One wonders whether Engel's training analysis followed by many years of self-analysis contributed to his longevity. At a university dinner honouring his twin brother in 1957, someone noted that Frank was declining high cholesterol foods; this led to a discussion of how anyone could ever evaluate the outcome. Frank declared that he had a control in his twin brother; ‘We'll see who gets the coronary first.’ George responded, ‘Yes, indeed, but you forget that I have been analysed, you have not!’ Engel's confidence in analysis as a protective factor is now supported by recent evidence that male psychoanalysts have a mortality rate 48% lower than that of the white male population at large, and significantly lower than the mortality rate for comparison groups of male physicians and male psychiatrists and neurologists [74].
Epilogue
Engel [14, 75] was a strong advocate for crossfertilization between psychoanalysis and other disciplines.
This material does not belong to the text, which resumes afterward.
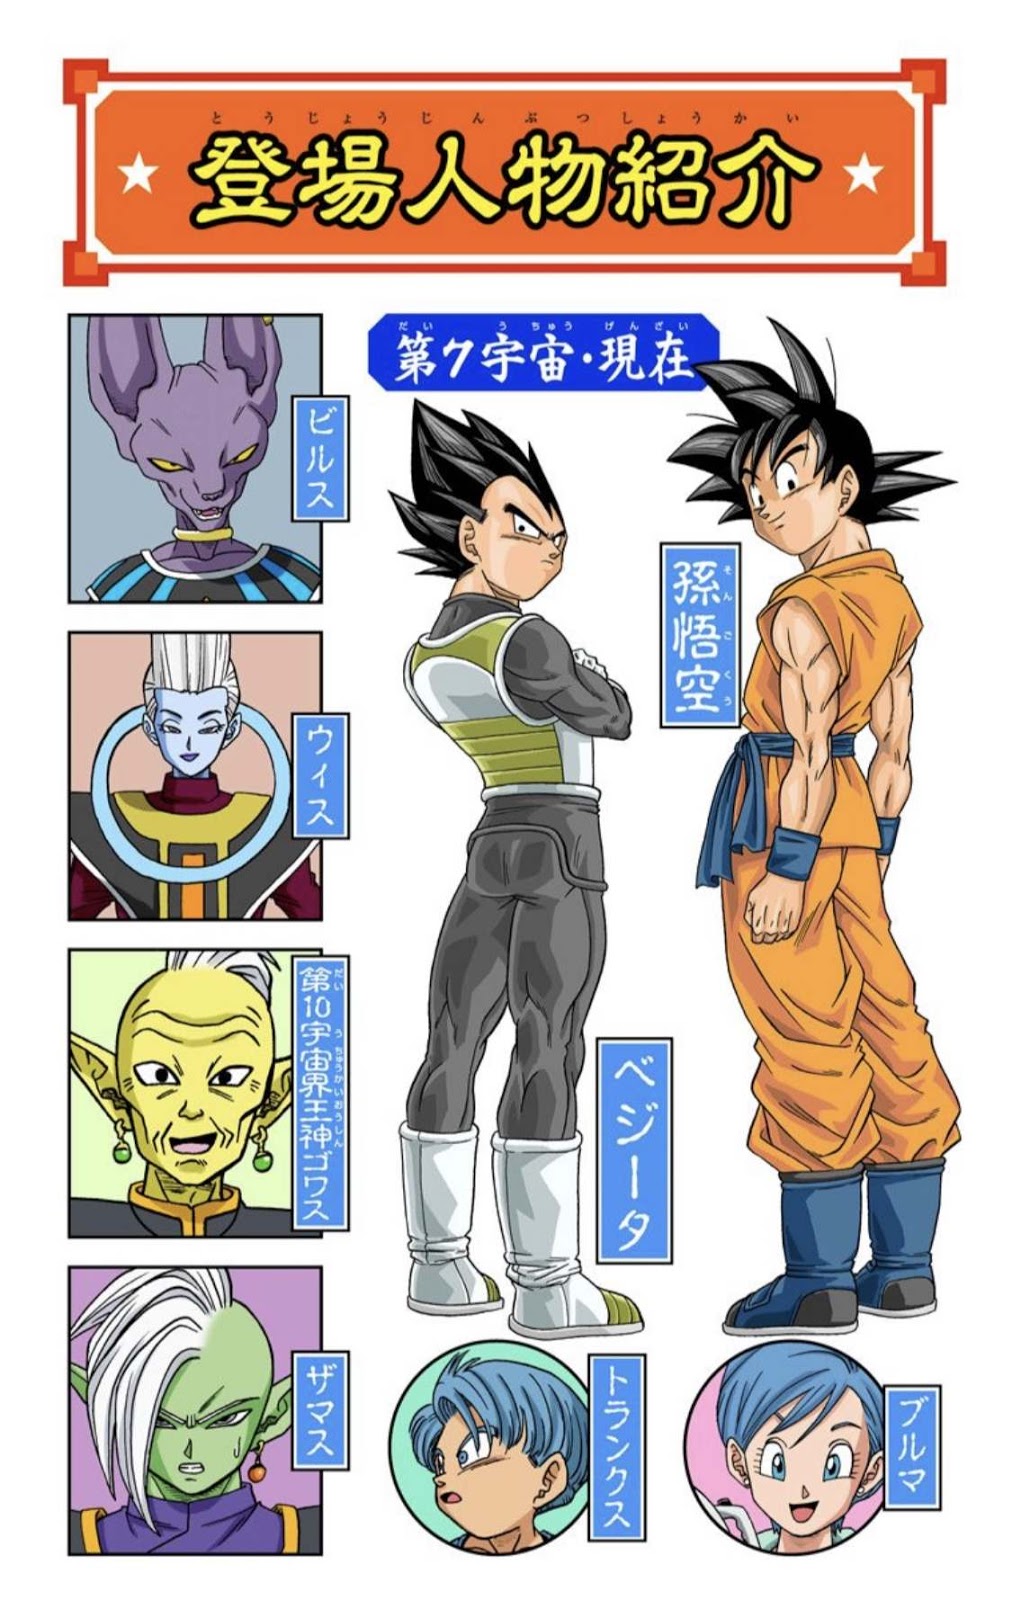 ANDRÉ ANIMES TV - Br /  - Dragon Ball Super: Volume 4 em cores (Full  Color) será lançado em 1 de maio de 2020 no Japão A sequência da colorida  edição

While he successfully integrated many psychoanalytic methods and concepts into his work in internal medicine and psychiatry, he also often reminded psychoanalysis that affects and other mental phenomena evolve from the body and that the discipline can be enriched by findings from biological and infant observational research [66, 76, 77]. Engel viewed the human organism as a psychobiological entity that is constantly open to influencing and being influenced by its environment and the people in it. He rejected the term ‘psychosomatic disease’ since it implies a special class of diseases of psychogenic aetiology, and asserted that the basic task of psychosomatic research is to identify psychosocial factors that alter individual susceptibility to any disease [78, 79]. His psychoanalytically informed studies of Monica and of the setting of disease onset, and his formulation of the giving up – given up complex, collectively advanced the field of psychosomatic medicine by opening a new approach to research on how psychosocial variables might dysregulate biological processes and thereby alter susceptibility to disease. Although psychoanalysis no longer occupies a central place within the field of psychosomatic medicine, Engel's research paved the way for studies in developmental biology, which have provided further evidence that attachment relationships function as external biological regulators during early development [17–19, 80]. It remains for other psychoanalytically orientated psychosomatic researchers to evaluate whether the mental representations of relationships might also come to serve as biologic regulators throughout life [80, 81], and whether variations in the quality of these representations contribute to individual differences in the ability to modulate the impact of losses and other stressful environmental events on bodily processes.